That said, though, Adam reports, “No one really dumped on us. One of the little kids, who was a friend of the little girl who used the bat to try to get Brandon to stop beating her mom, saw us on the street and gave us a big thumbs up. Brandon’s best friend told me, ‘I’m sorry he died, but you did what you had to do.’ The apartment complex gave us a $50 gift certificate to go to dinner on them.”
Sleep disturbance is a virtually universal experience among those who’ve had to kill to survive. “I didn’t sleep for three days afterward,” Adam told us. “This eventually went away. I had flashbacks for a long time and still do occasionally, but not as bad or as vivid. Shannon had really bad flashbacks. We were comfortable talking about it, and that got us through a lot. Shannon got counseling. I got help from friends who had been through similar things, maybe more help than I would have gotten from a psychologist.”
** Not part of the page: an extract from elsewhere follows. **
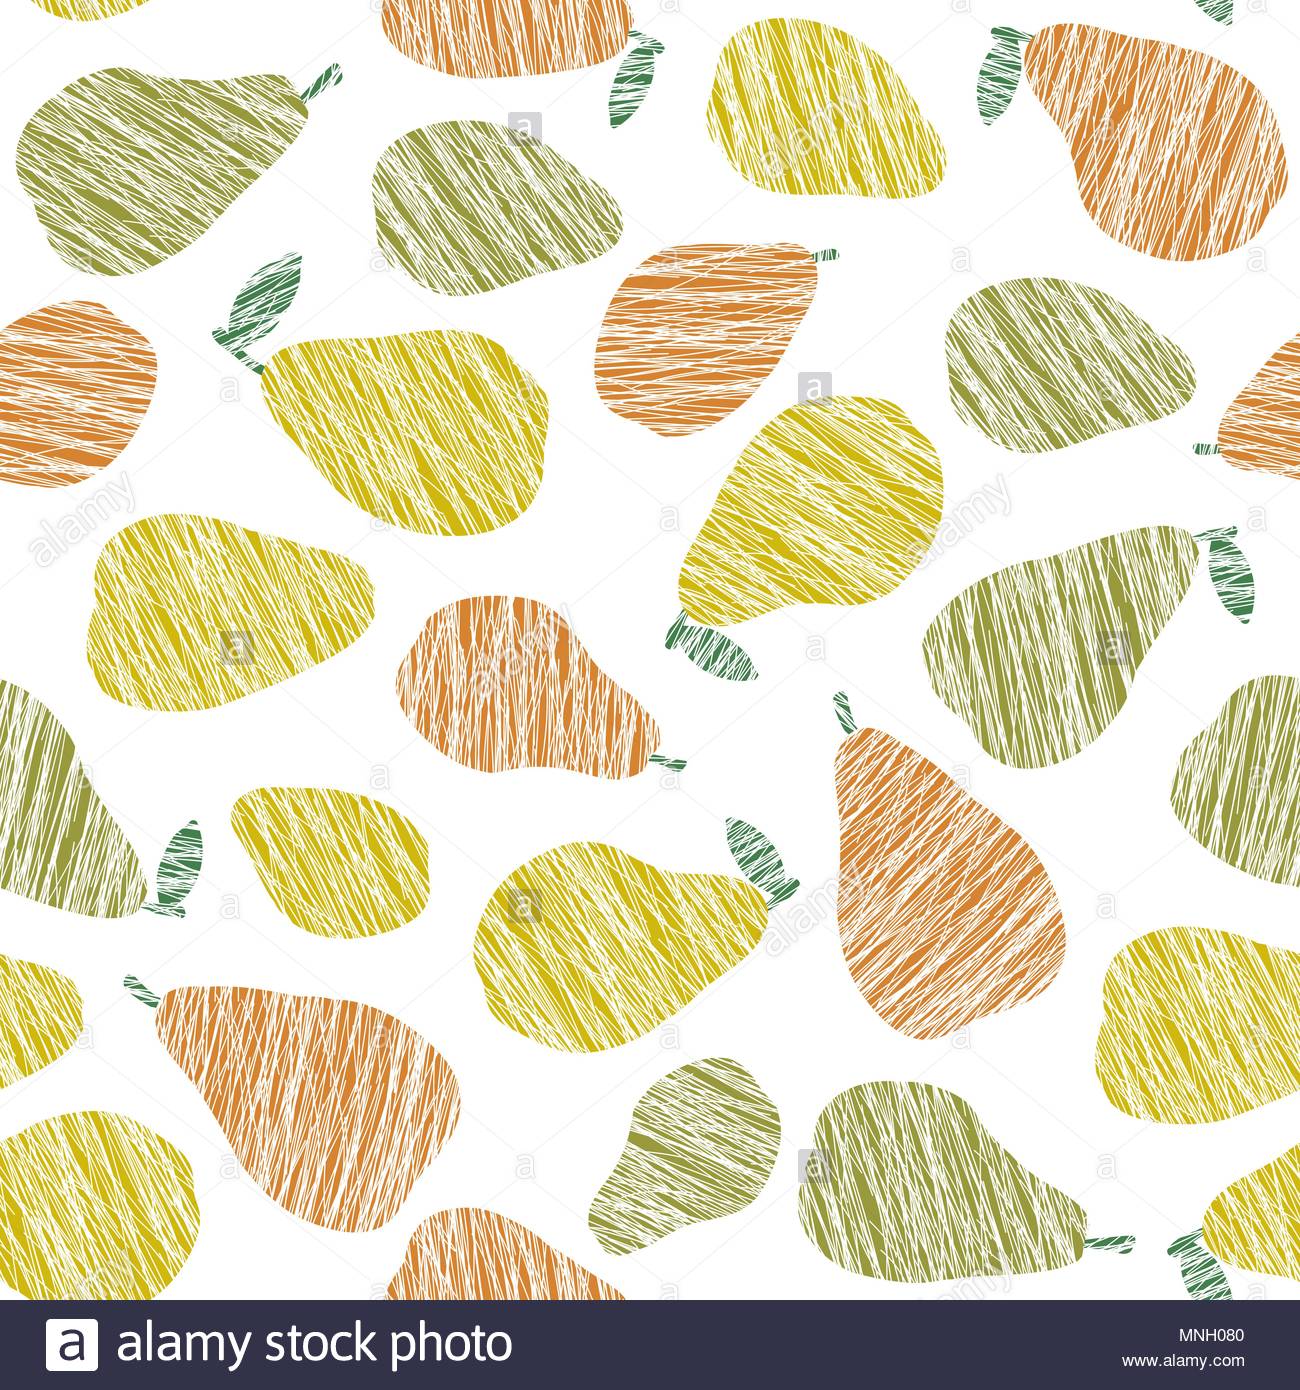 Colorful Pear Pattern Summer Harvest Background Seamless Image

In 2020, the Nesvicks moved to another state. “I thought getting away was the best thing, not being in the place every day where I had shot someone,” Adam explained.
The police gave him his gun back a month later. He was deeply touched to note the cops had not only wiped the blood spatter off the SIG but had cleaned and oiled it too.
His SIG went away. It carried too many unpleasant memories. Today Adam carries a CZ P10C.
Lessons
Excellent marksmanship, delivered at speed with the front sight visually indexed, put every shot where it needed to go and quickly ended the attack. The SIG M11-A1 had a full magazine of fifteen 9mm rounds. If Brandon had gotten it away from Adam, that was enough to kill the rescuer, his wife Shannon, and Brandon’s own significant other and her little girl, and any other witness who came into the line of fire. Adam Nesvick’s defensive gunfire very likely saved more lives than his own.
Adam had worked hard to develop shooting skill. He had learned from friends, read many books, and participated in gun-related internet forums. After the incident, he decided to seek formal training, and took a class from nationally recognized instructor John Murphy of Virginia. John told me Adam was very competent. Indeed, it was John Murphy who put me in touch with Adam and brought his story to these pages.
A lot of gun owners think home carry — wearing a handgun on their physical person when at home — is paranoid. If we think about it, the practice is a minor inconvenience for which in trade the homeowner gets instant access to a loaded gun when deadly danger suddenly presents itself. Had the SIG been on his hip instead of on his desk, Adam might have been able to back down Brandon before the latter put his bat to the throat of his victim. But there is no telling for certain.
You’ve all heard of “suicide by cop,” the self-destructive person who forces a lawman to kill him. This incident is a case of “suicide by armed citizen,” not the first such I’ve seen.
Adam Nesvick did the right thing. The criminal justice system immediately recognized that. Adam doesn’t consider himself a hero. He’s the only one who doesn’t.